DROMA_Set: Drug Response and Omics Multi-project Analysis Set

Overview

DROMA_Set is a comprehensive R package for managing and analyzing drug response and omics data across multiple projects. It provides a robust framework for handling complex multi-omics datasets with integrated drug sensitivity information, enabling seamless cross-project comparisons and analyses.

It is a part of DROMA project. Visit the official DROMA website for comprehensive documentation and interactive examples.

Key Features

🔬 Multi-omics Data Management: Support for various molecular profile types (mRNA, CNV, mutations, methylation, proteomics)
💊 Drug Response Integration: Comprehensive treatment response data handling and analysis
🔗 Cross-Project Analysis: Advanced tools for comparing and analyzing data across multiple projects
📊 Sample Overlap Detection: Automatic identification and analysis of overlapping samples between projects
🗄️ Database Integration: Robust SQLite database connectivity with efficient data storage and retrieval
📈 Flexible Data Loading: Smart data loading with filtering by data type, tumor type, and specific features
🎯 Metadata Management: Comprehensive sample and treatment metadata handling with ProjectID tracking

Installation

From GitHub (Recommended)

# Install devtools if you haven't already
if (!requireNamespace("devtools", quietly = TRUE)) {
    install.packages("devtools")
}

# Install DROMA_Set
devtools::install_github("mugpeng/DROMA_Set")

Dependencies

The package requires the following R packages:

DBI (>= 1.1.0)
RSQLite (>= 2.2.0)
methods

These will be automatically installed when you install DROMA_Set.

Quick Start

1. Load the Package

library(DROMA.Set)

2. Connect to Database

# Connect to your DROMA database
connectDROMADatabase("path/to/your/droma.sqlite")

# List available projects
projects <- listDROMAProjects()
print(projects)

3. Create DromaSet Objects

# Create a single DromaSet for one project
gCSI <- createDromaSetFromDatabase("gCSI", "path/to/droma.sqlite")

# Create a MultiDromaSet for multiple projects
multi_set <- createMultiDromaSetFromDatabase(
    project_names = c("gCSI", "CCLE"),
    db_path = "path/to/droma.sqlite"
)

4. Load and Analyze Data

# Load molecular profiles
gCSI <- loadMolecularProfiles(gCSI, molecular_type = "mRNA", 
                             features = c("BRCA1", "BRCA2", "TP53"))

# Load treatment response data
gCSI <- loadTreatmentResponse(gCSI, drugs = c("Tamoxifen", "Cisplatin"))

# Cross-project molecular analysis
mRNA_data <- loadMultiProjectMolecularProfiles(multi_set, 
                                              molecular_type = "mRNA",
                                              overlap_only = FALSE)

# Cross-project treatment response analysis
drug_data <- loadMultiProjectTreatmentResponse(multi_set,
                                              drugs = c("Tamoxifen", "Cisplatin"),
                                              overlap_only = FALSE)

Core Classes

DromaSet Class

The DromaSet class represents a single project's drug response and omics data:

# Create DromaSet
dataset <- createDromaSetFromDatabase("project_name", "database.sqlite")

# Load all molecular profiles
dataset <- loadMolecularProfiles(dataset, molecular_type = "all")

# Check available data types
availableMolecularProfiles(dataset)
availableTreatmentResponses(dataset)

Key Methods:

loadMolecularProfiles(): Load omics data (mRNA, CNV, mutations, etc.)
loadTreatmentResponse(): Load drug sensitivity data
availableMolecularProfiles(): List available molecular data types
availableTreatmentResponses(): List available treatment response types

MultiDromaSet Class

The MultiDromaSet class manages multiple projects for cross-project analysis:

# Create MultiDromaSet
multi_set <- createMultiDromaSetFromDatabase(c("gCSI", "CCLE"), "database.sqlite")
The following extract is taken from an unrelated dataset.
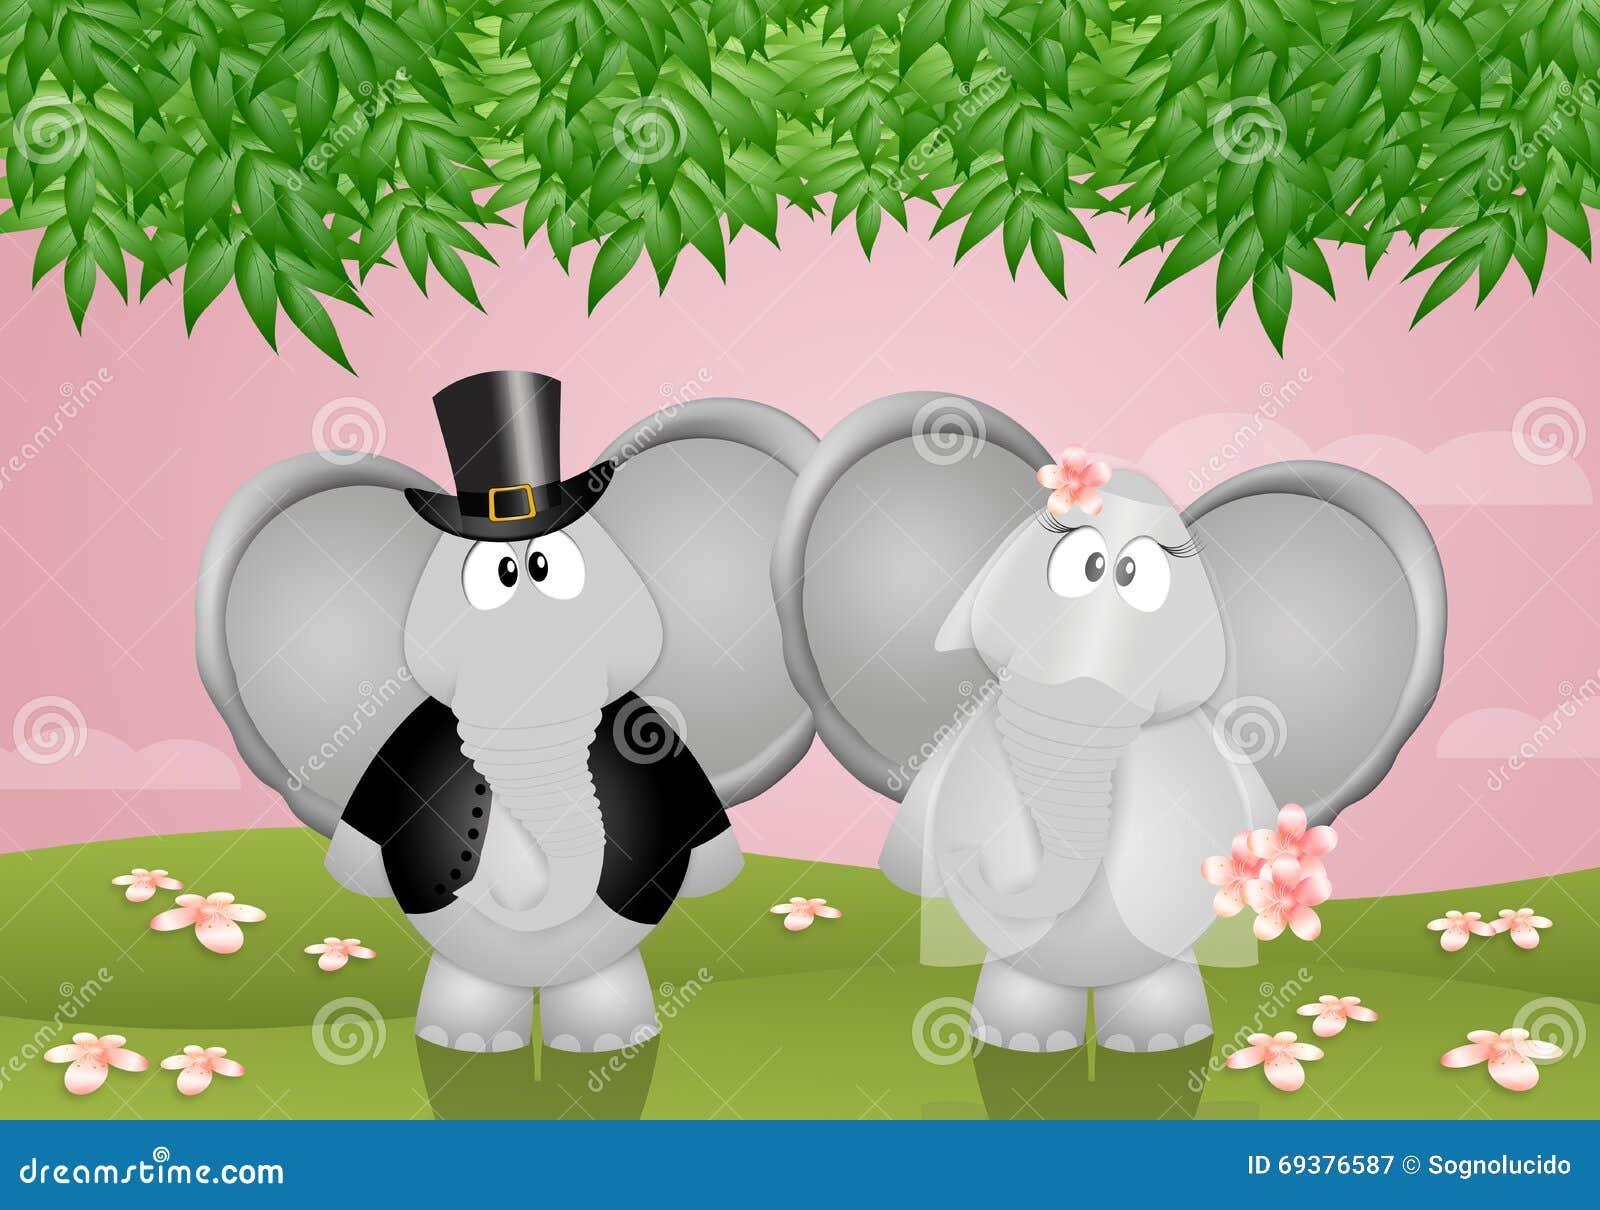 lustige elefanten geheiratet stock abbildung bild 69376587. Black Bedroom Furniture Sets. Home Design Ideas
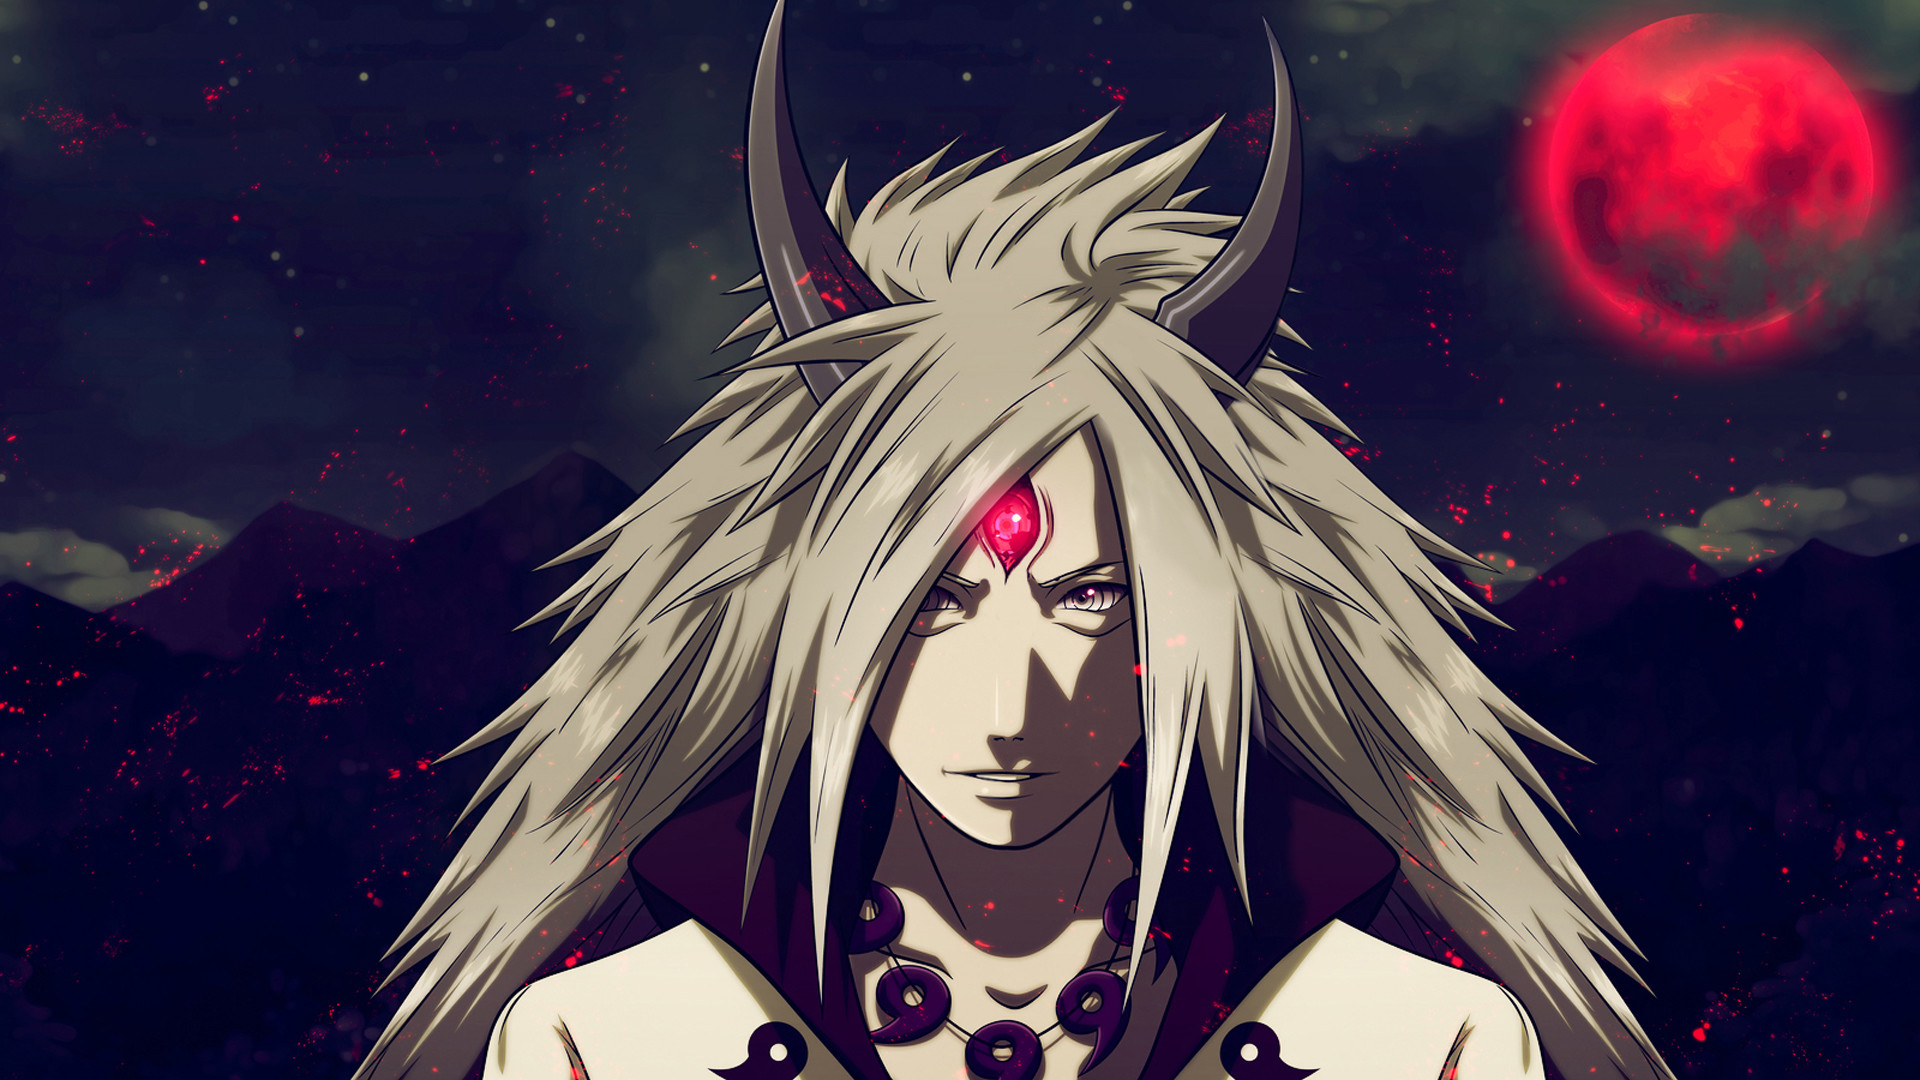 Anime – Naruto Sage of Six Paths Madara Uchiha Wallpaper

# Find overlapping samples
overlap_info <- getOverlappingSamples(multi_set)

# Load molecular data across projects
mRNA_data <- loadMultiProjectMolecularProfiles(multi_set, 
                                              molecular_type = "mRNA")

# Load treatment response data across projects
drug_data <- loadMultiProjectTreatmentResponse(multi_set,
                                              drugs = c("Tamoxifen", "Cisplatin"))

Key Methods:

getOverlappingSamples(): Identify samples present in multiple projects
loadMultiProjectMolecularProfiles(): Load molecular data across multiple projects
loadMultiProjectTreatmentResponse(): Load treatment response data across multiple projects
getDromaSet(): Extract individual DromaSet from MultiDromaSet
availableProjects(): List available projects

Advanced Features

1. Load All Molecular Profiles

# Load all available molecular profile types
all_data <- loadMolecularProfiles(dataset, molecular_type = "all")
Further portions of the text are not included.